FAA constructing new ‘nerve center’

Aviation International News » January 2009
December 31, 2008, 7:01 AM

Federal and local officials broke ground early last month for a new Air Traffic Control System Command Center colocated with the FAA’s Potomac Tracon southwest of Dulles International Airport (IAD).

Placing the command center adjacent to Potomac Tracon enables the FAA to use utilities and infrastructure put in place when the Tracon was built several years ago on land that once was the home of the Vint Hill Farm military base. The existing command center on leased land next to IAD will close when its lease expires in 2011.

Acting FAA Administrator Robert Sturgell described the command center as the FAA’s nerve center. “NASA has mission control, we have this,” he said. While the command center does not directly control traffic, it oversees the nation’s entire ATC system, including control towers, approach and departure facilities and en route centers.

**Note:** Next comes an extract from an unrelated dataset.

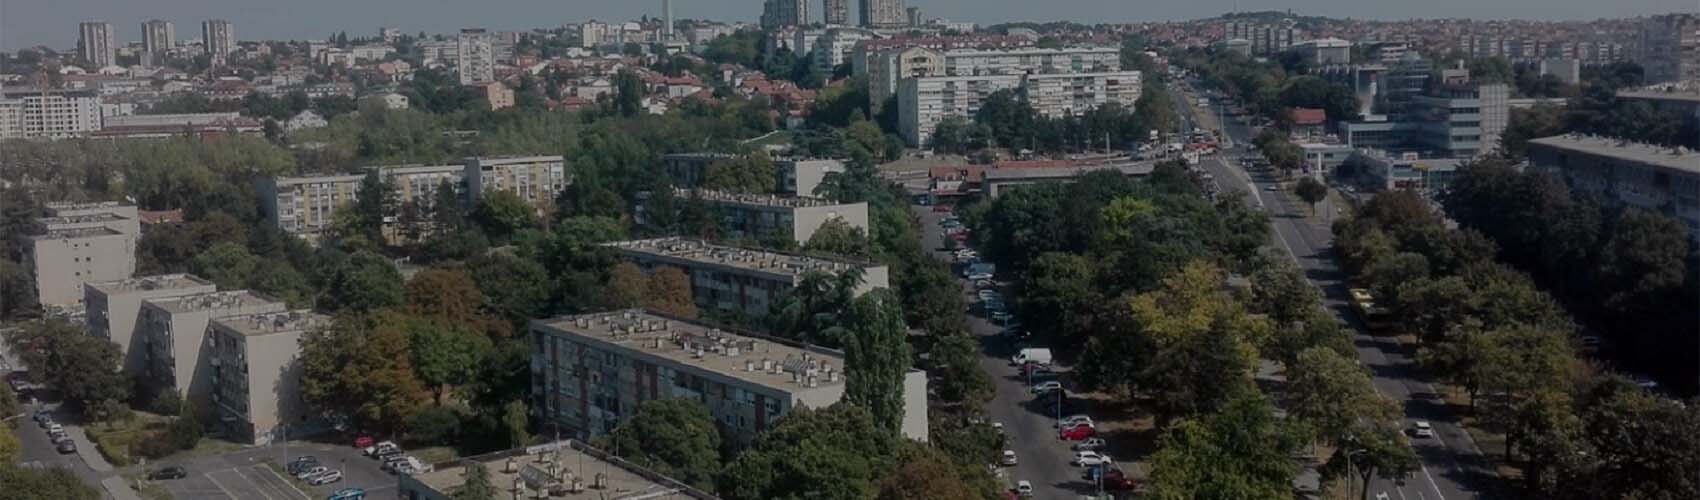 Iznajmljivanje kombija Šumice | DeltaTop, Beograd

The new 63,000-sq-ft building will also monitor all electronic navigation aids.
The center’s main mission is management of the entire airspace system to balance demand with capacity, and to deal with weather and other potential disruptions to air traffic.

“The command center gives us the big picture,” said Sturgell. “It’s where we untangle the bottlenecks before they ripple through the rest of the airspace. Every morning, bright and early, and continuing every two hours throughout the day, there’s a teleconference about the status of the national airspace.”

About 300 controllers, managers and support staff members will move from the existing facility to the $22 million command center, which the FAA said will house some of the most sophisticated air traffic display and communications equipment available. Equipping the center will cost an estimated $46 million.